Aku mengerang kesakitan sembari memegangi kepalaku. Ingin rasanya aku melepasnya (kepalaku) sesaat untuk aku reparasi sejenak. Lafazh-lafazh ilahiyah terus keluar dari bibirku. Tahlil serta istighfar. Kepalaku seperti jadi bulan-bulanan kaki. Iya! Mirip sepak bola yang menjadikan kepalaku tersentak-sentak ke kanan dan kiri bergantian. Sungguh! Sakit malam itu bahkan lebih dari yang kuceritakan hari ini.

Ibu memegang kepalaku, membacakan sholawat thibbil qulub dan sesekali menekan pada bagian kening dan pelipis. Namun, sunggun. Itu sama sekali tidak bekerja. Aku masih terus mengerang dengan irama naik turun. Satu jam setelahnya, entah karena lelah menangis atau memang sakit kepalaku yang mulai membaik, aku kembali tertidur.

Pukul 06.00 aku kembali terbangun dengan sakit kepala yang belum mereda sedikit pun. Segera kuambil handuk untuk mandi sekaligus keramas. Mungkin, dengan begitu akan mengurangi rasa sakitnya. Dan, nihil!
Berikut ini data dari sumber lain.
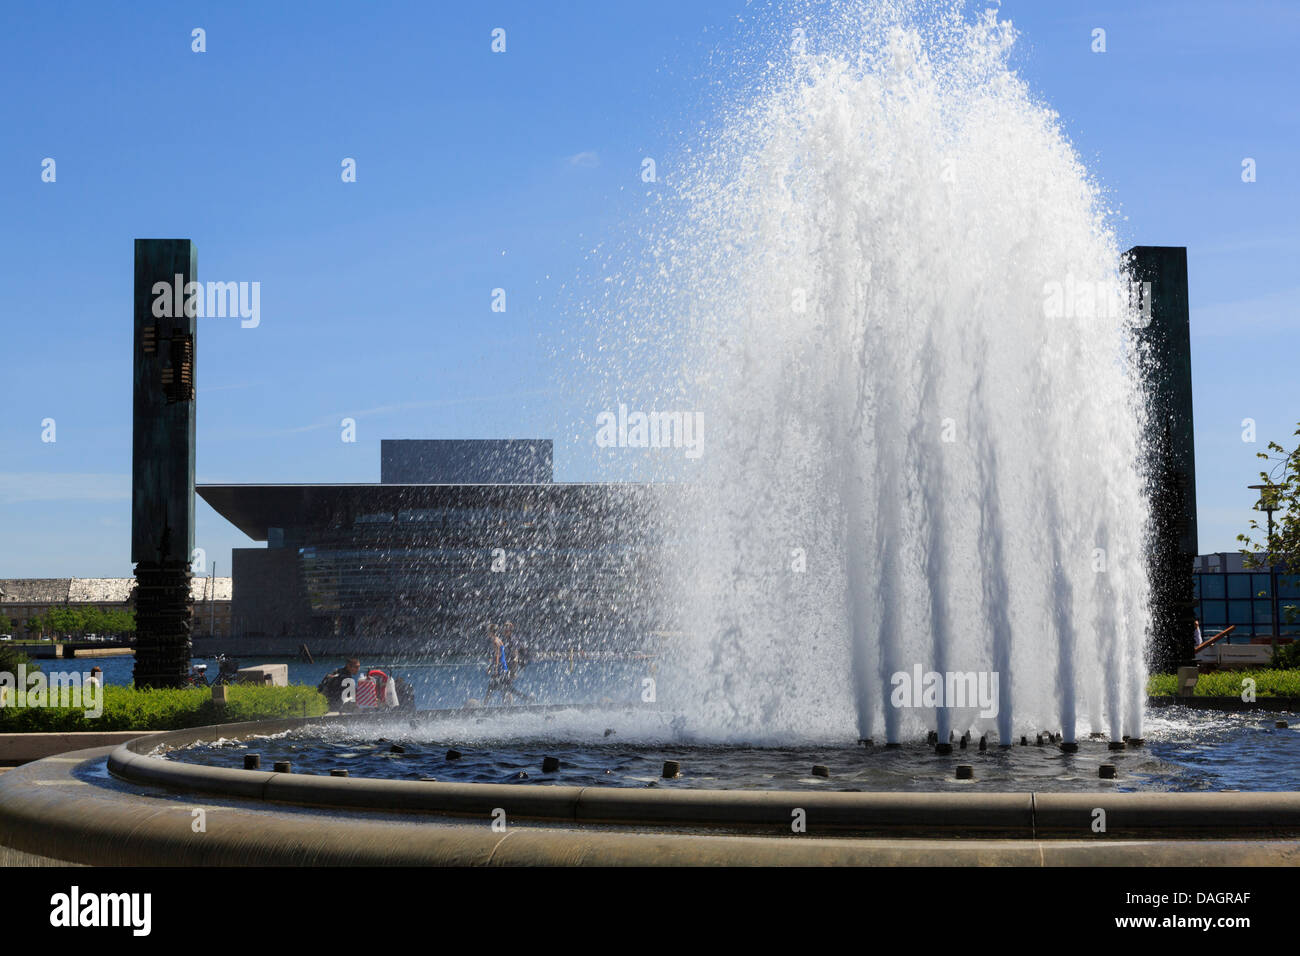 Fountain in Amaliehaven or The Amalie Gardens on waterfront with Opera House across the harbour in Copenhagen Zealand Denmark Stock Photo

Aku masih sangat kesakitan seperti diinjak-injak kaki kuda yang berlarian dengan langkah cepat. Sungguh, ingin rasanya aku melepas kepalaku. Rasa sakitnya bahkan sampai membuat mataku tak bisa terbuka.

Dan lagi, aku ketiduran. Mungkin dengan alasan yang sama. Sungguh, di setiap sela-sela tangis serta dzikirku, yang kupikirkan hanya satu, bahwa Izrail tengah berdiri di ambang pintu kamar. Ia seolah tengah bermain dengan nyawaku. Mungkin, karena pikiran seperti itulah yang membuat tangisku semakin keras.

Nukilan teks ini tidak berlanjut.